My goal is to check for duplicate IDs in my custom data structure. I'm coding it with Visual Studio 2008 Sp1. So I wrote the following debugger-only function that does "sanity checks" on the data as I work with the code.

I'm using the following approach:

I enumerate through all elements in my data structure (which by itself is relatively fast.)
I then use std::map to collect IDs of all elements as keys, while I make the value part point to the data structure element itself (which will help me quickly identify the duplicate.)
For each element in my data structure I see if its ID is in my std::map, and if so, the function asserts. Otherwise it adds it to the map.

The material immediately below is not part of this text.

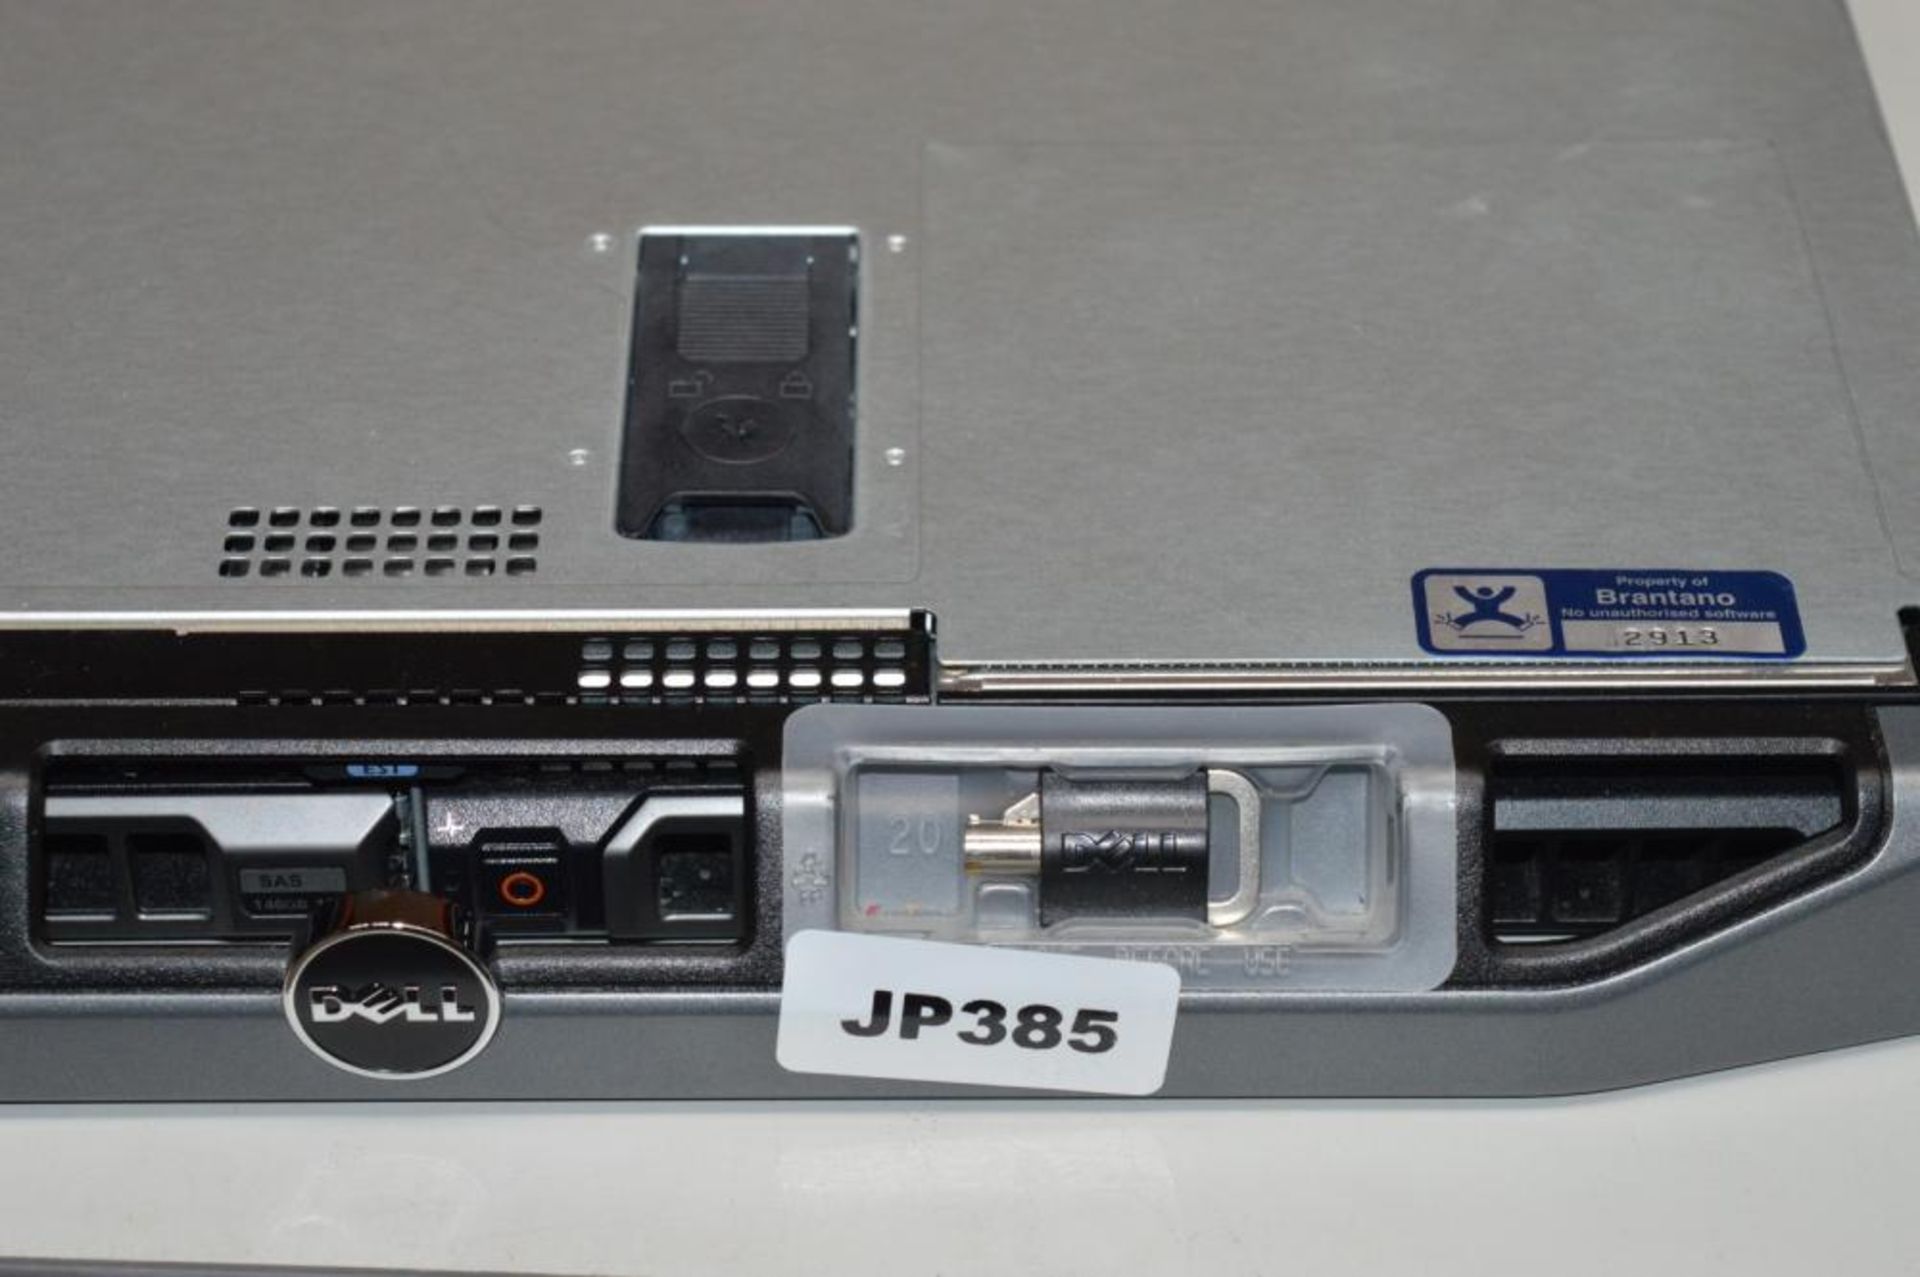 1 x Dell PowerEdge R320 Rack Mount Server - Features Intel Xeon E5-2407 Quad Core Processor and 4gb - Image 2 of 5

Here's a pseudo-code for that:

std::map<ULONGLONG, BIN_XML_TAG*> dicTagIDs;

for(std::vector<MY_ELEMENT>::const_iterator iTag = arrNode.begin(); iTag != arrNode.end(); ++iTag)
{
    std::map<ULONGLONG, MY_ELEMENT*>::const_iterator itrT = dicTagIDs.find(iTag->uiTagID);
    if(itrT != dicTagIDs.end())
    {
        //Duplicate tag ID!
        MY_ELEMENT* pDuplicateToTag = itrT->second;
        ASSERT(NULL);
    }

    //If not, then add it
    dicTagIDs[iTag->uiTagID] = iTag._Myptr;

    //... may later call itself recursively
}

This works, except that the function above gets exponentially slower as the size of my data structure grows. And since I use it everywhere throughout my "debugger-build" code, it'd be nice to speed it up.

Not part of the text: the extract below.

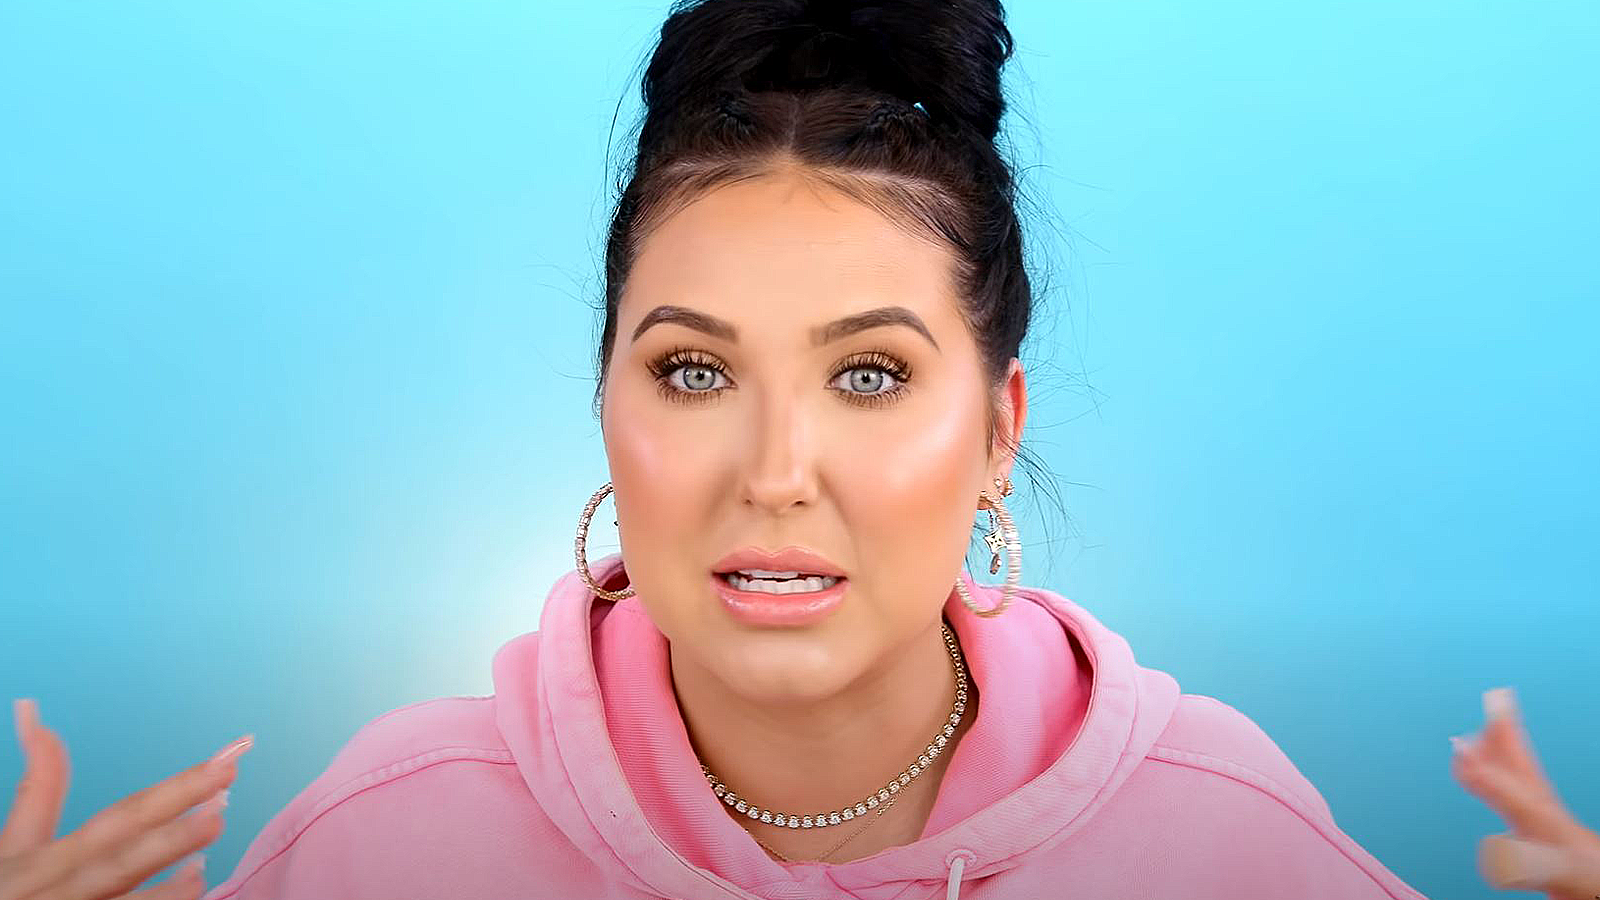 Jaclyn Hill shuts down cosmetics line following years of

So I was thinking to pre-allocate std::map. I don't know the exact number of elements in my data structure (it is structured kinda like an XML file) but I can make an approximate guess that I could use for preallocation.

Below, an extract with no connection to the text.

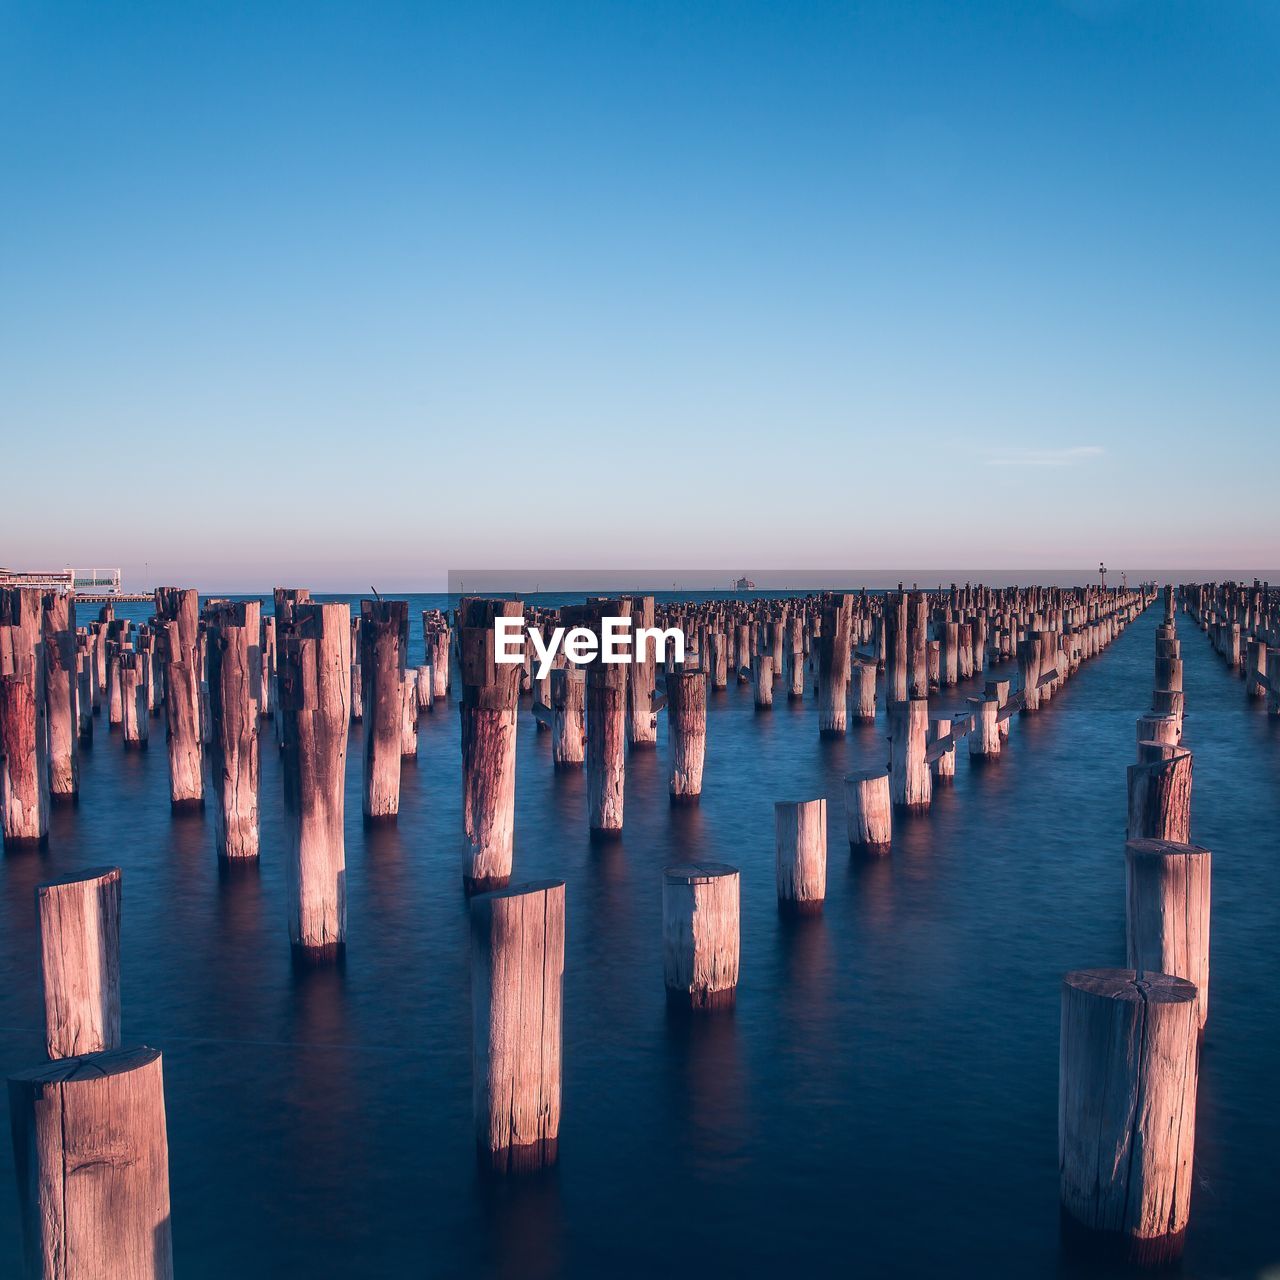 Wooden posts at sea against clear sky

But std::map doesn't seem to provide a reserve() method.

So any suggestions how to speed this up?

Upvotes: 1

Answers (3)

Rakurai

Reputation: 1016

Map uses a tree so keys can be traversed in sorted order, so insertion and lookup both occur in lg(n) time. Additionally, insertion can trigger rebalancing the tree. An unordered map uses a hash table, which allows for constant time insertion and lookup, at the cost of traversing the keys. Here is an interesting performance study similar to your use case.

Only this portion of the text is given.